§ **THE DATA**

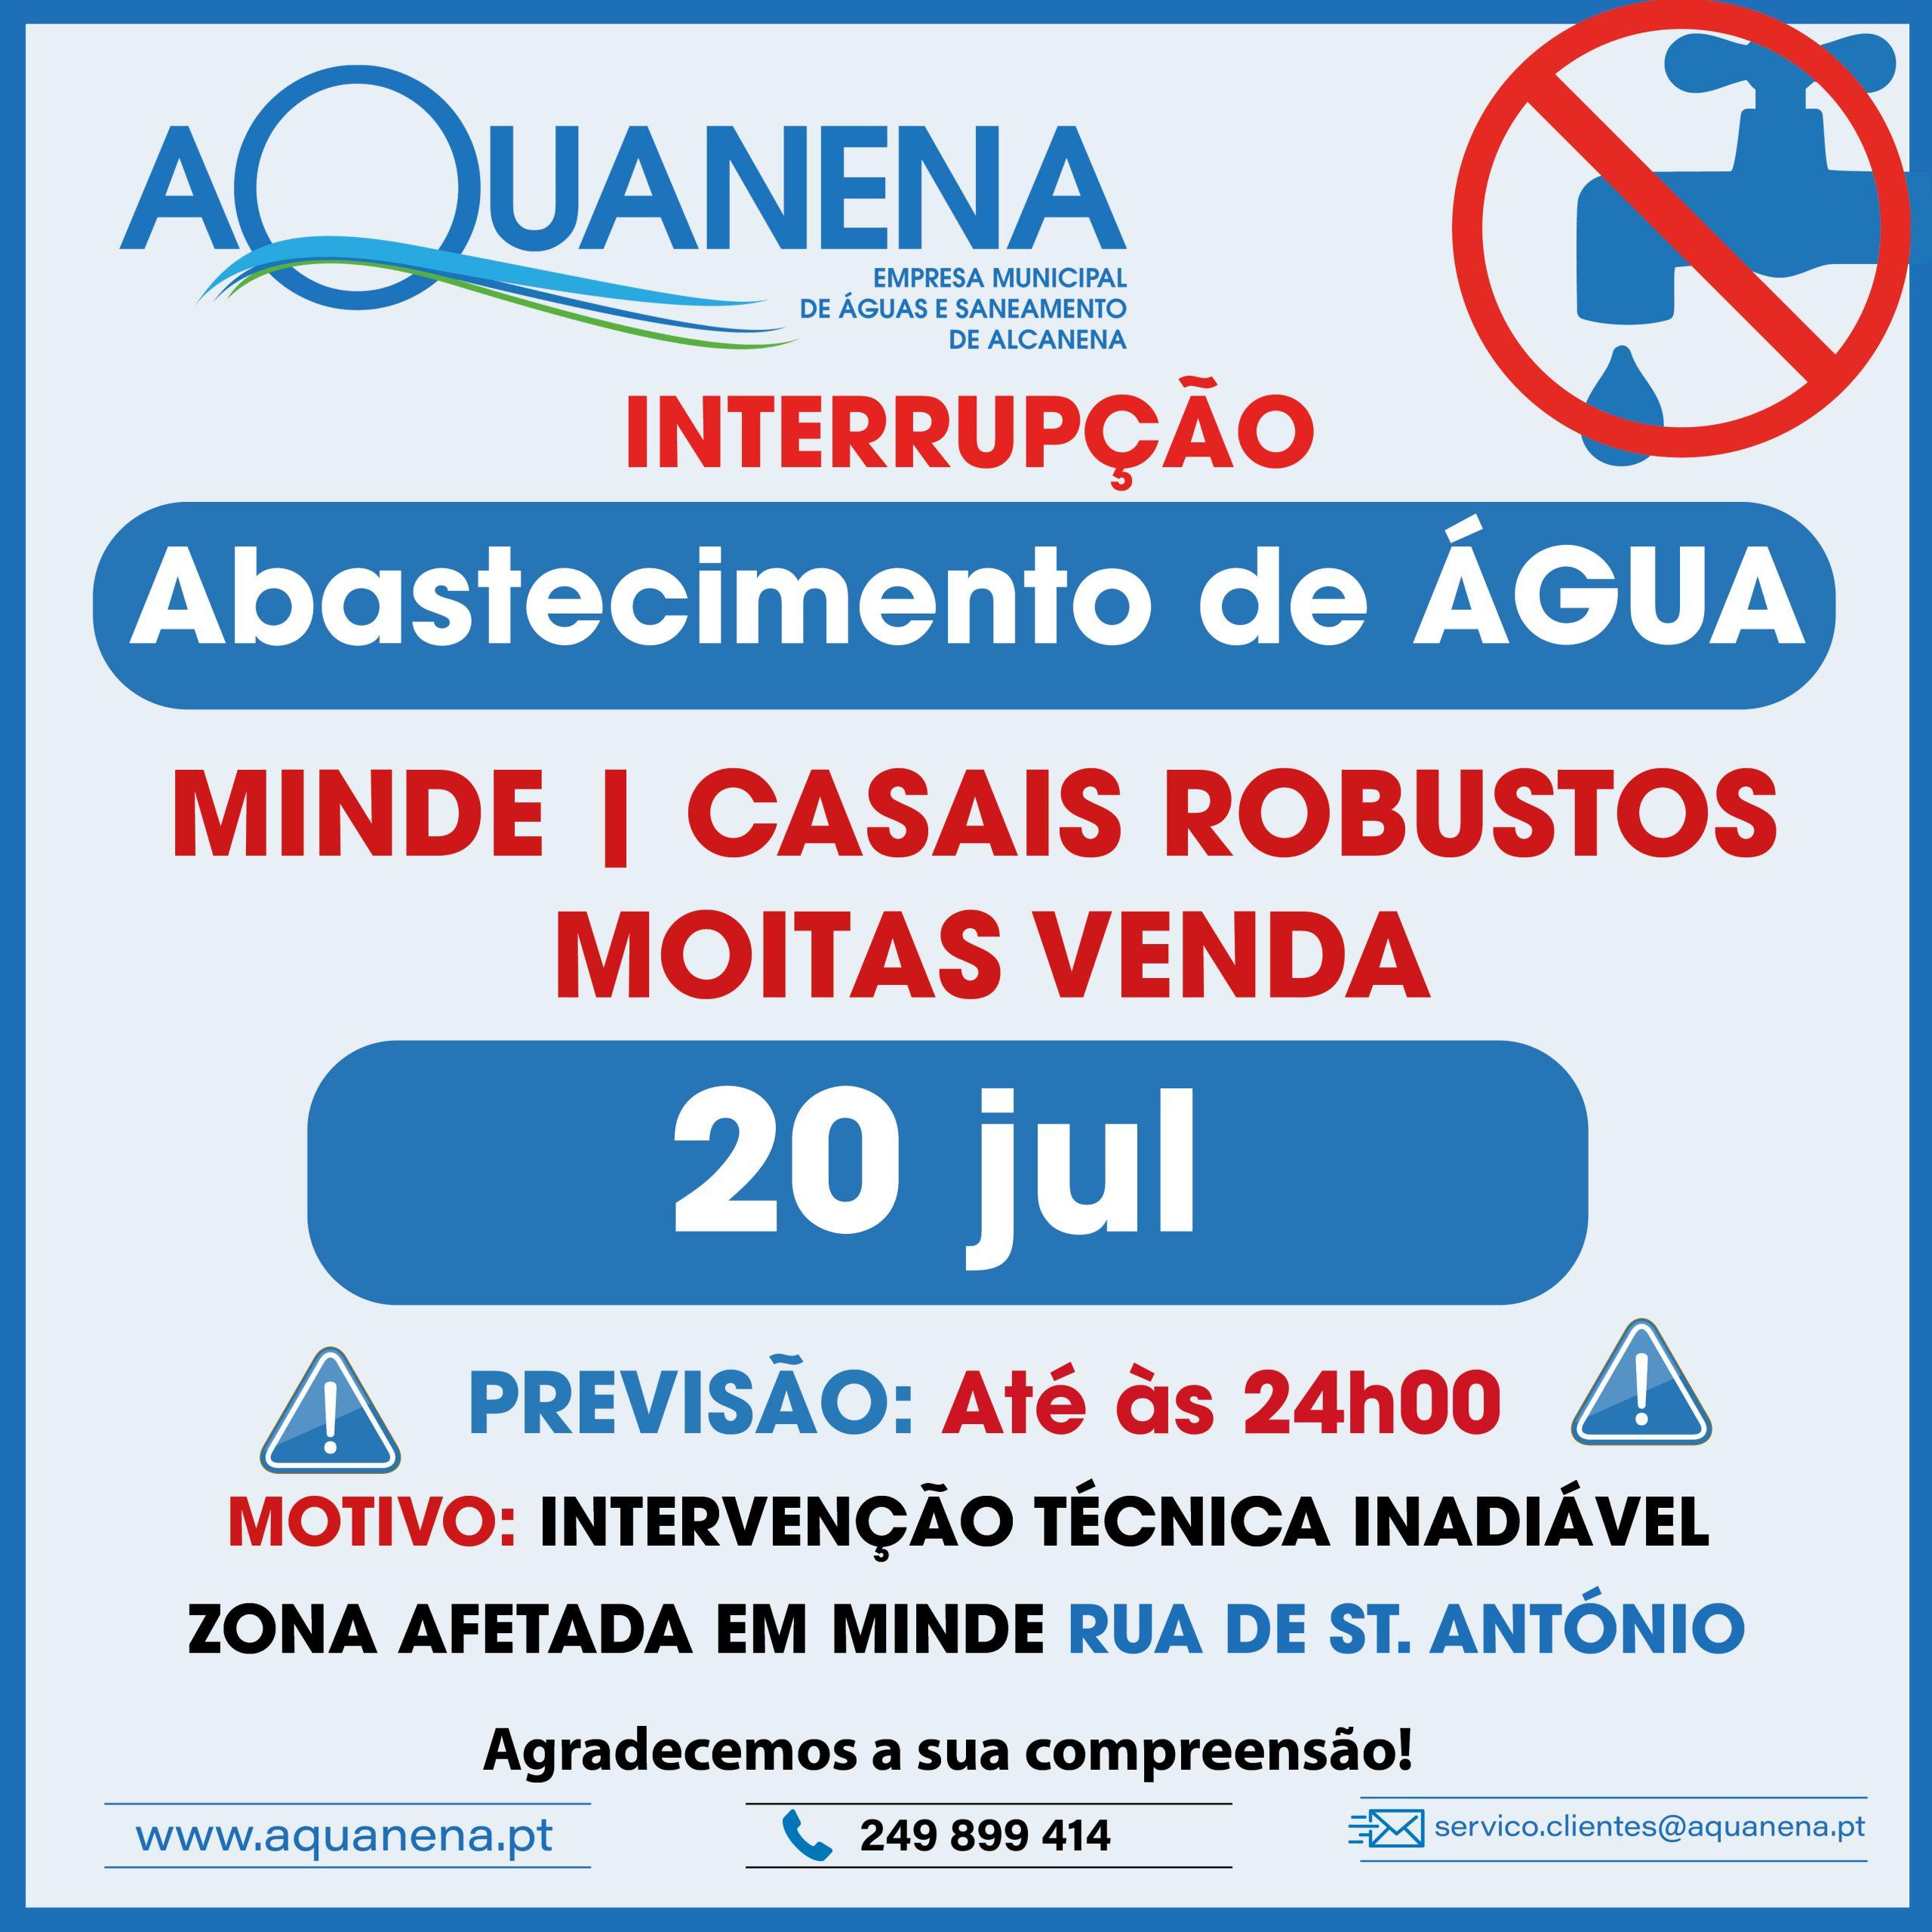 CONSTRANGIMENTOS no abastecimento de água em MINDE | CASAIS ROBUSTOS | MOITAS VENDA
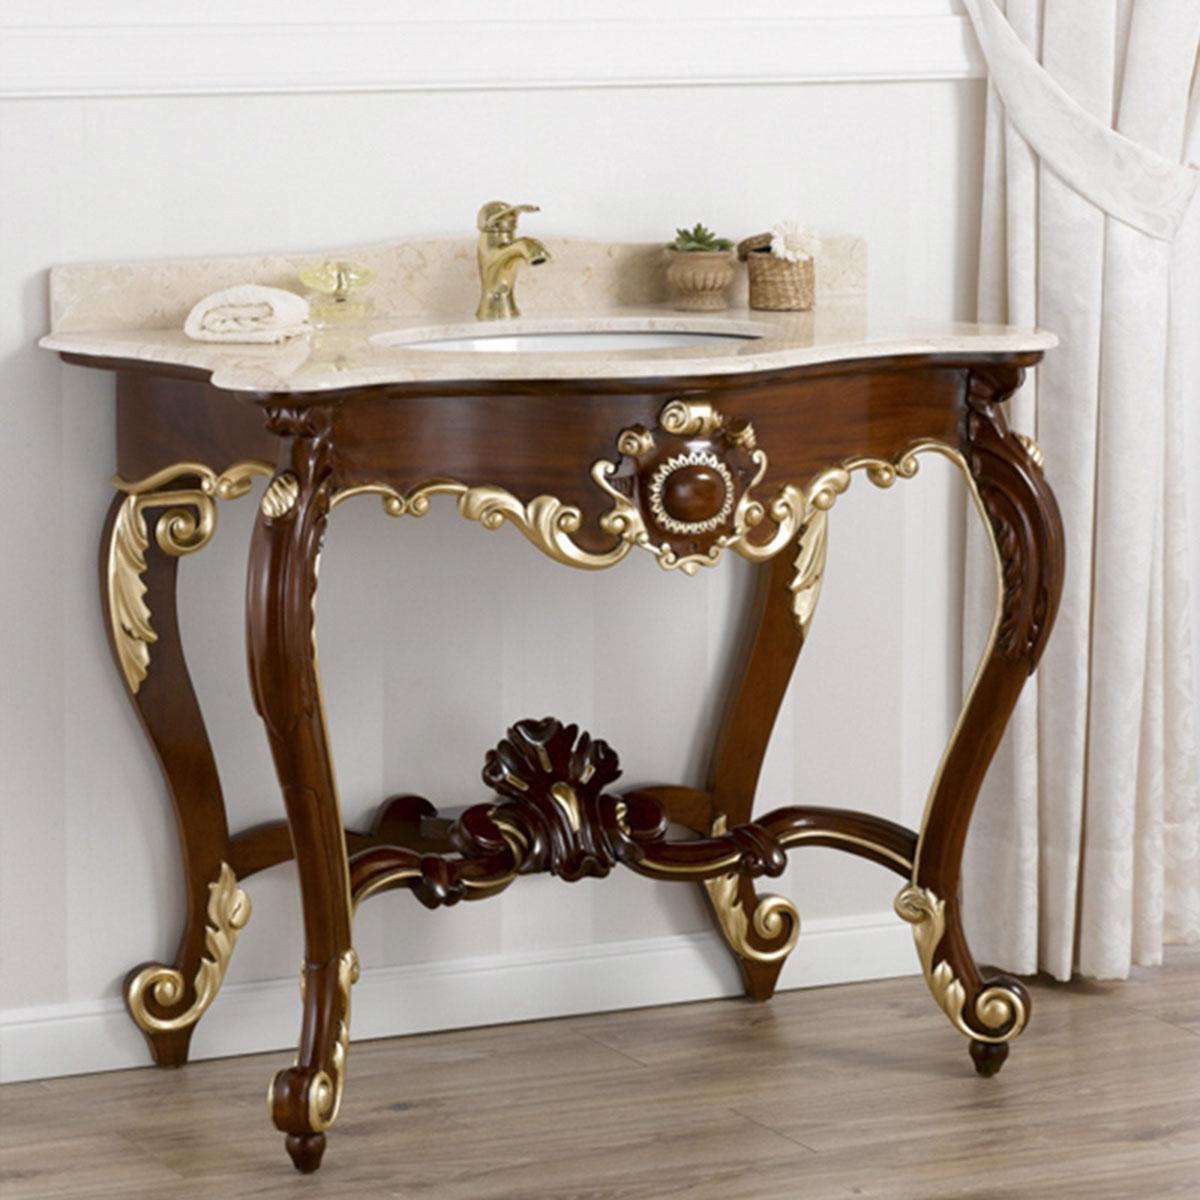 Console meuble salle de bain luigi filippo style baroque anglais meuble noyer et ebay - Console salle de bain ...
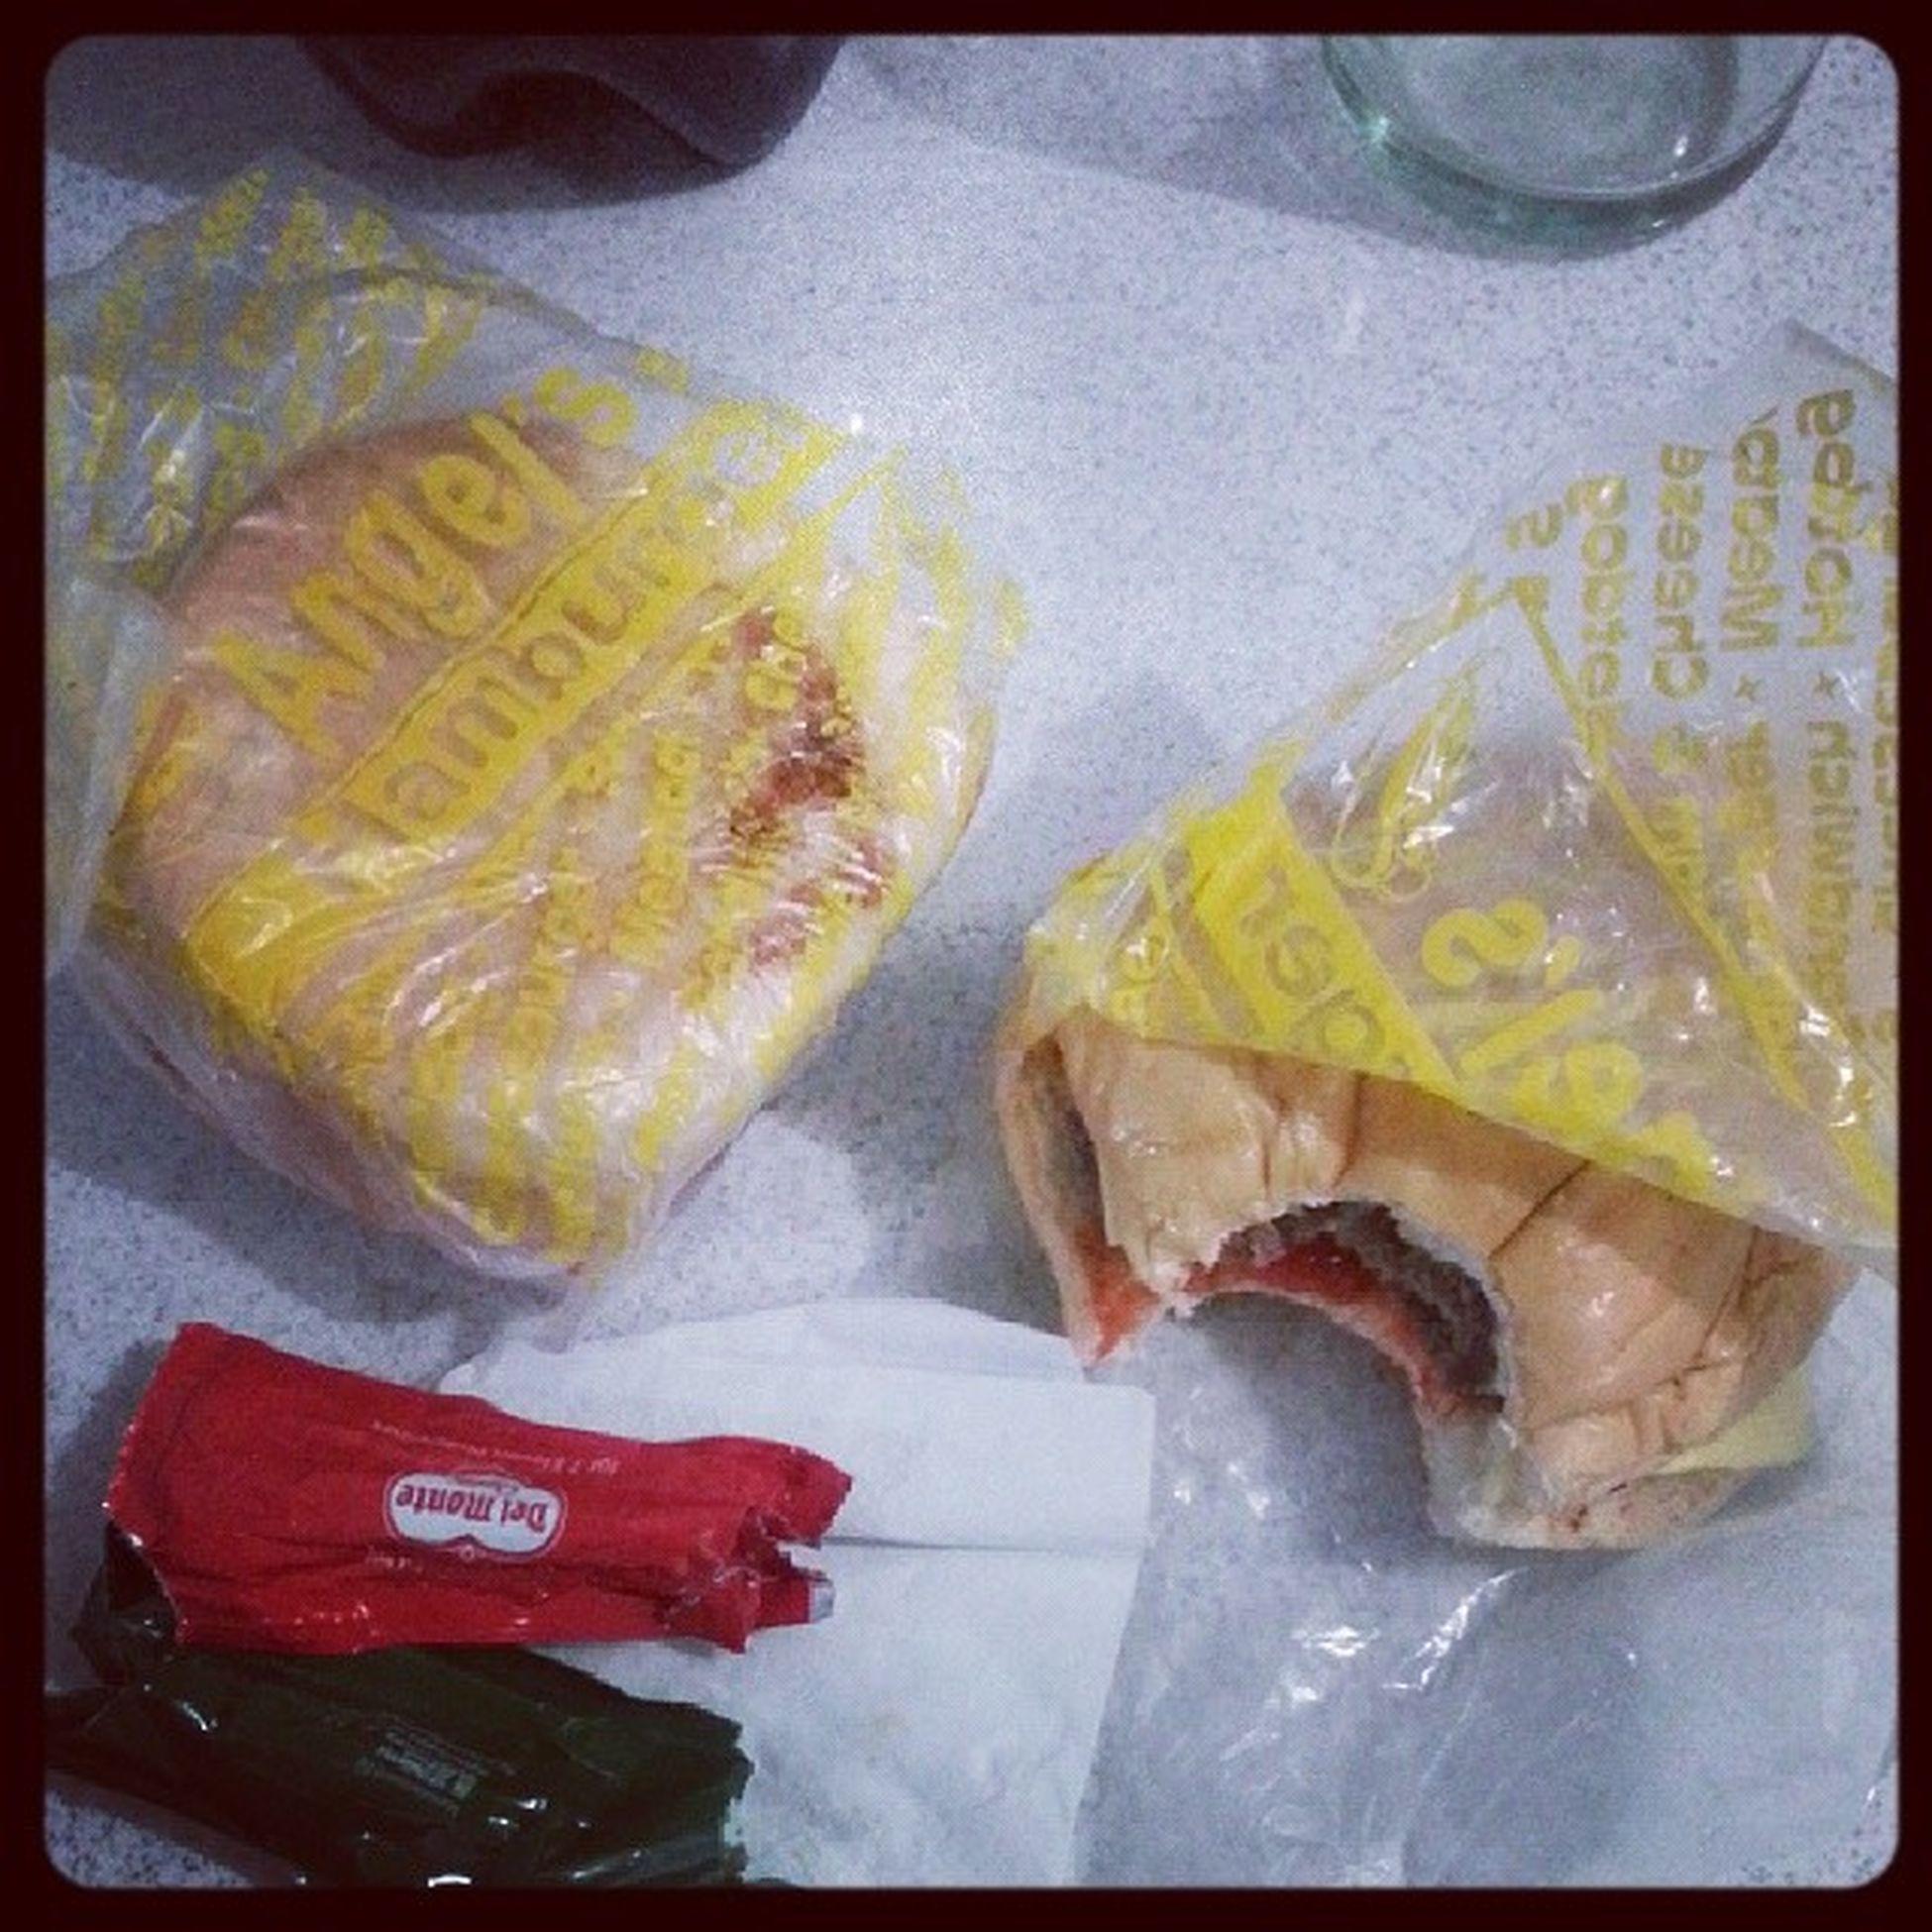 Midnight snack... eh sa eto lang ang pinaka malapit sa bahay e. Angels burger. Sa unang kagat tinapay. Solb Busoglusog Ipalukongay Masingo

§ **ACTIVITY**
Make an exact copy of the listing above. Do not include the pictures.

§ **OUTPUT FOR THIS TASK**
 CONSTRANGIMENTOS no abastecimento de água em MINDE | CASAIS ROBUSTOS | MOITAS VENDA
 Console meuble salle de bain luigi filippo style baroque anglais meuble noyer et ebay - Console salle de bain ...
 Midnight snack... eh sa eto lang ang pinaka malapit sa bahay e. Angels burger. Sa unang kagat tinapay. Solb Busoglusog Ipalukongay Masingo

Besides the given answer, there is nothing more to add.